Lei 14.214 - De acordo com a pesquisa, é possível inferir que um dos principais resultados conquistados no período analisado foi a Lei nº 14.214, de 6 de outubro de 2021. Ela abre processos legislativos, jurídicos e orçamentários que dão solidez à construção de uma política pública e impulsionam o tema para os demais entes da federação.
O estudo aponta que depois da Lei Maria da Penha [de proteção às mulheres], a Lei 14.214 foi a legislação que mais ganhou repercussão nos estados e com destacada rapidez no processo de apresentação e aprovação de legislações: normativas que não se resumem à conscientização ou à distribuição de absorventes higiênicos, o que permite maior capacidade de monitoramento e arcabouço jurídico e orçamentário.
Mostra de Cinema
Paralelamente ao Fórum, o UNFPA realizou a “Mostra de Cinema: Luz, Câmera, MenstruAção”, realizado entre os dias 8 e 9, no Cine Brasília (DF).
Mais de 450 pessoas prestigiaram a Mostra; entre elas, cerca de 300 foram alunas e alunos do Instituto Federal de Brasília (IFB). Durante a exposição cinematográfica, foram exibidos documentários e os filmes “Dignidade Menstrual” (Brasil), “Minha Vez” (Reino Unido), “Imaculada” (Países Baixos), “Sangue da Lua” (Israel), “Um Drama Menstrual” (Estados Unidos), “Pobreza Menstrual” (Brasil), “Menarca” (Brasil), “Escassez’ (Reino Unido), “Carne” (Brasil) e “Sangre Comigo” (Canadá).

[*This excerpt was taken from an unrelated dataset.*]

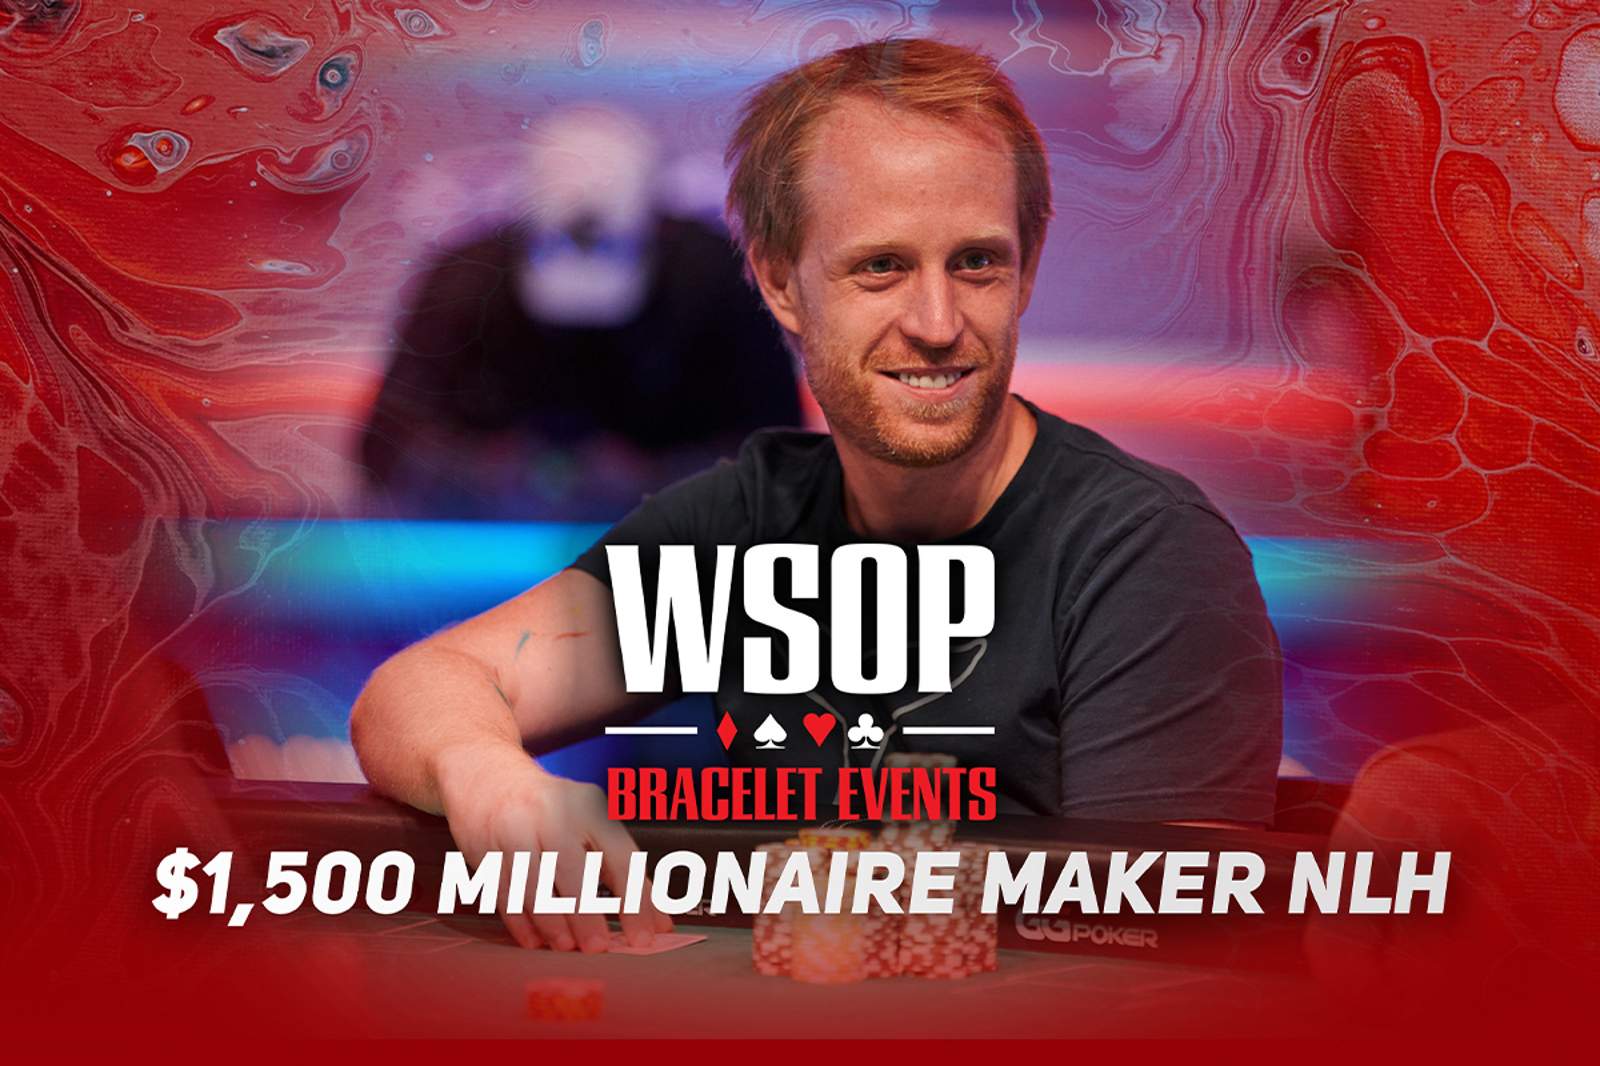 Watch the WSOP Event #17: $1,500 MILLIONAIRE MAKER Final Table on PokerGO.com at 8 p.m. ET

Sobre a menopausa, foi exibido — na abertura oficial da Mostra e do Fórum, na noite do dia 8 — o documentário “Ondas de Poder”, uma produção do UNFPA dirigida pela cineasta brasileira Viviane Ferreira. A obra traz uma série de entrevistas com líderes femininas brasileiras de diversos segmentos. A exibição foi seguida por debate com a participação de Astrid Bant; da Deputada Federal Erika Kokay; da presidenta do Instituto Mulheres da Amazônia (IMA), Concita Maia; e da presidenta da Associação Nacional de Mulheres na Menopausa, Adriana Ferreira, com mediação da oficial para Equidade de Gênero, Raça e Etnia do UNFPA, Luana Silva.